### [Task]
Skip pictures in the listing below; copy exactly the lines from the one with "дикий камень, стена, текстура" through the one with "港股level-2行情介绍", inclusive.

━━━ Extracted data

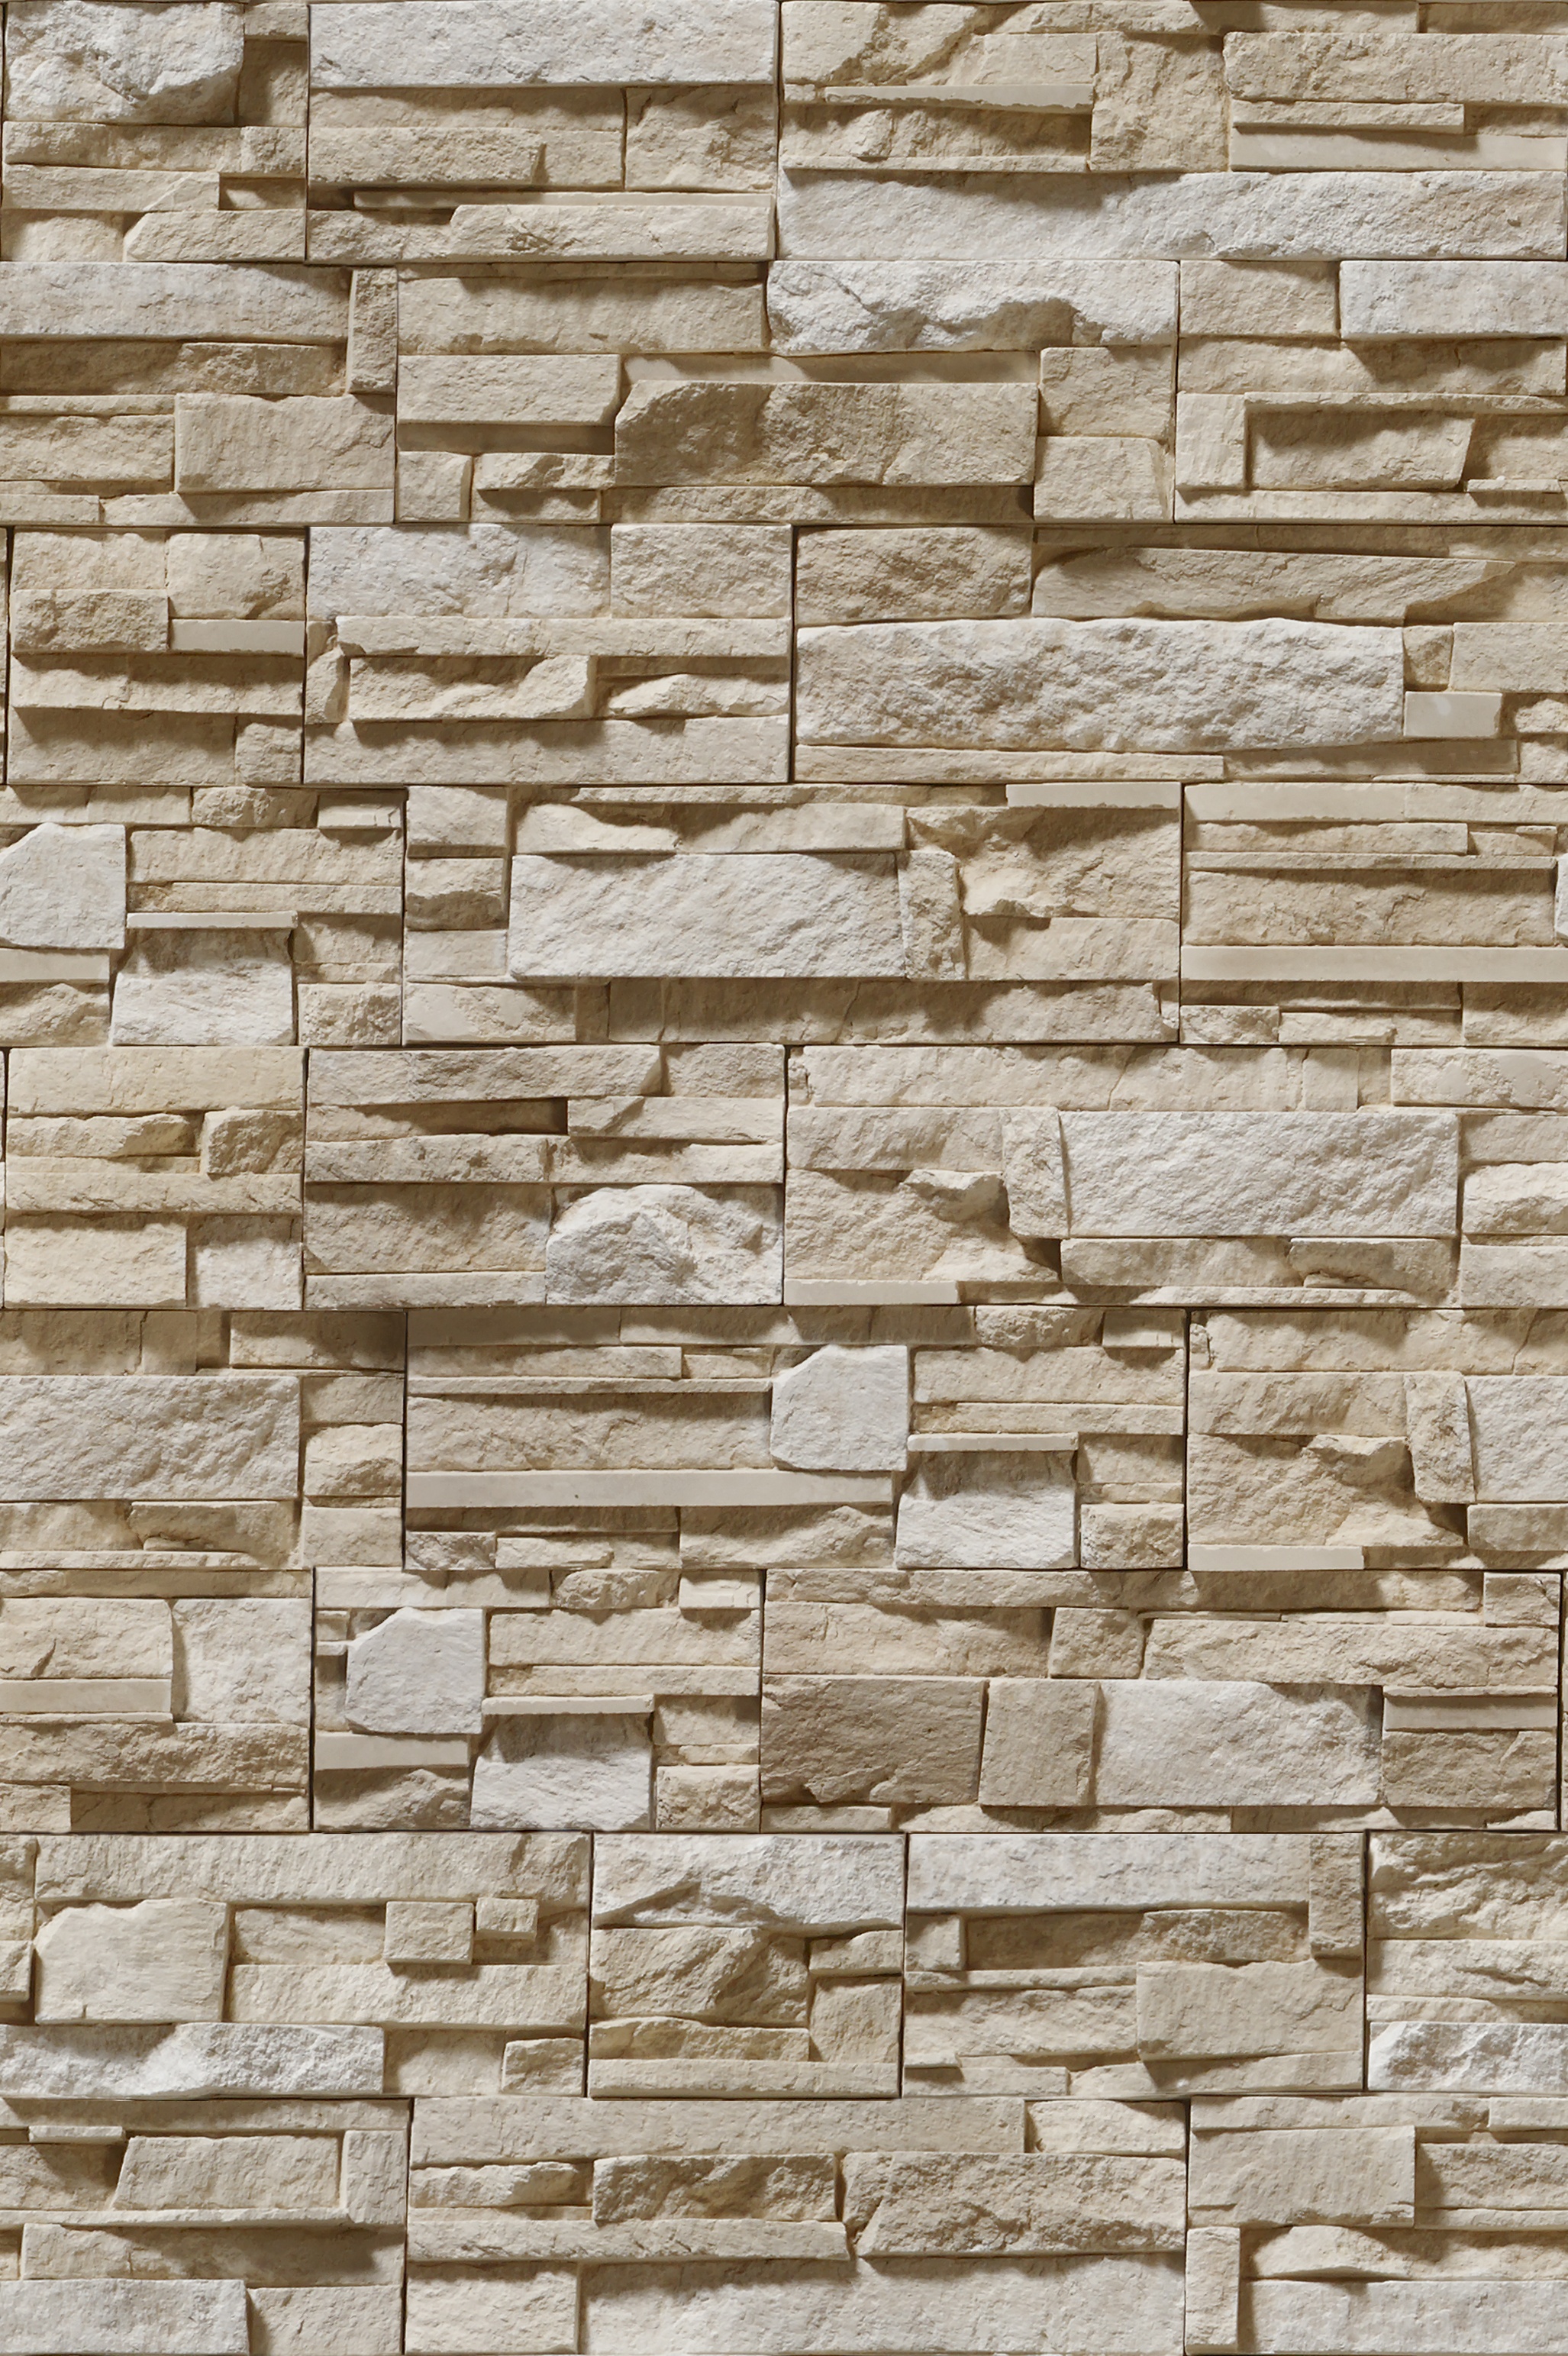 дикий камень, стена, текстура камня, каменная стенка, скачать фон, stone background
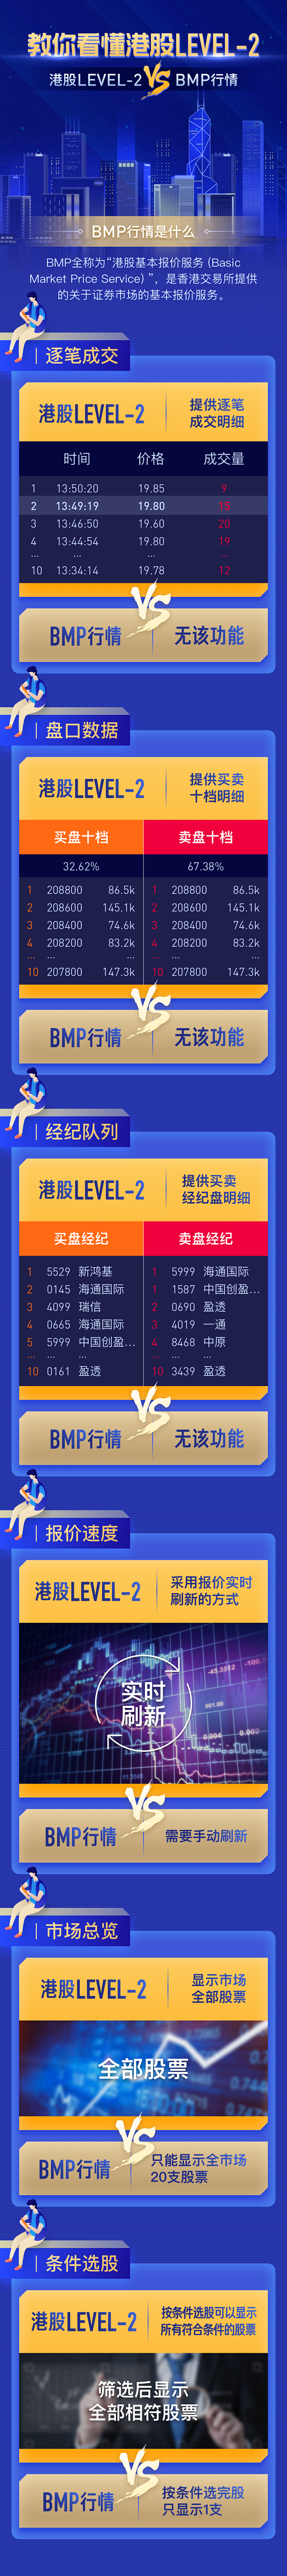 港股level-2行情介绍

━━━━━━
━━━ Extracted data

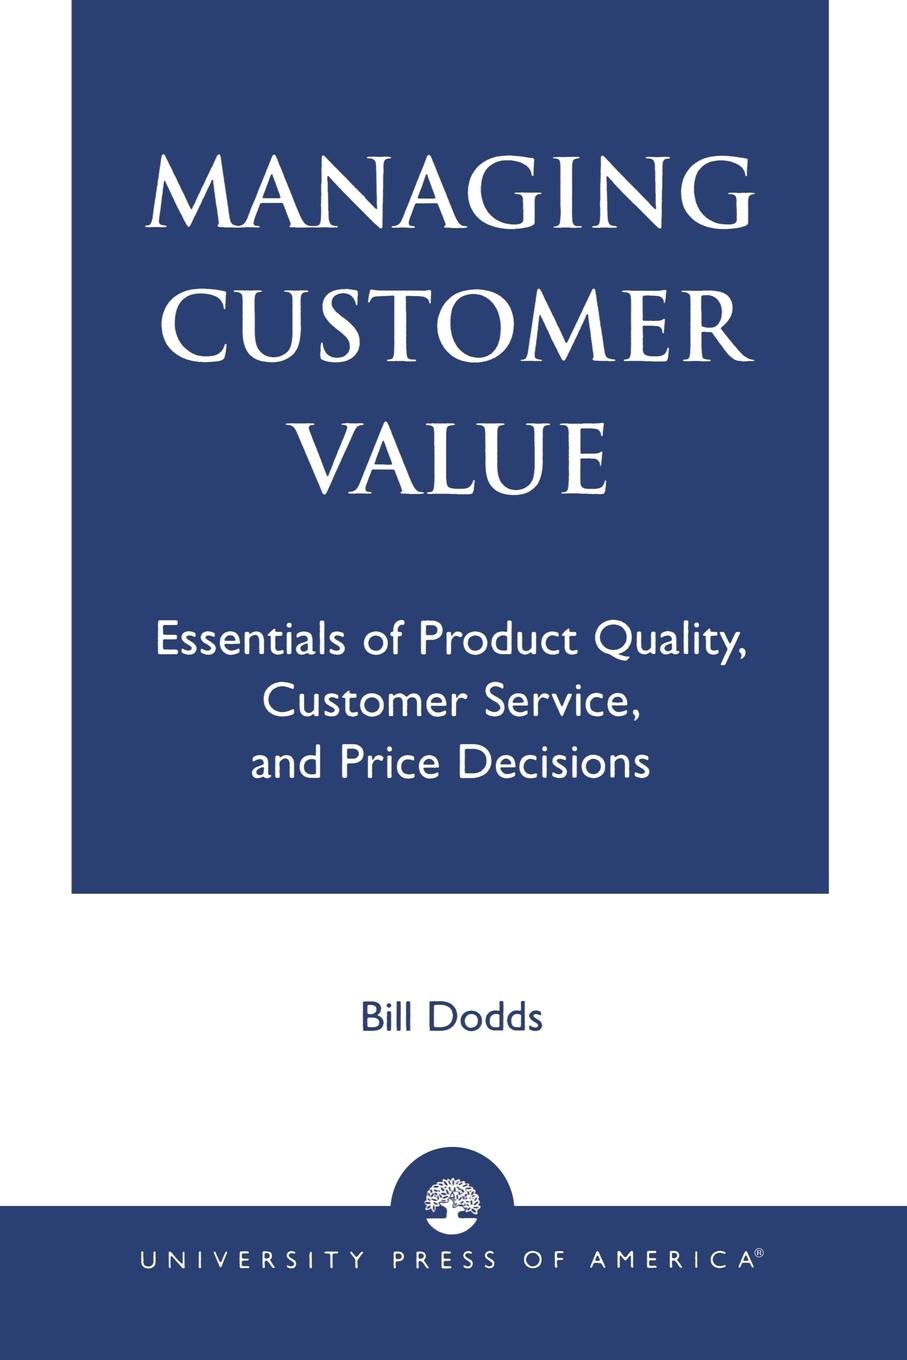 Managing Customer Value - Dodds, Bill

━━━━━━

### [Answer to this exercise]
 дикий камень, стена, текстура камня, каменная стенка, скачать фон, stone background
 港股level-2行情介绍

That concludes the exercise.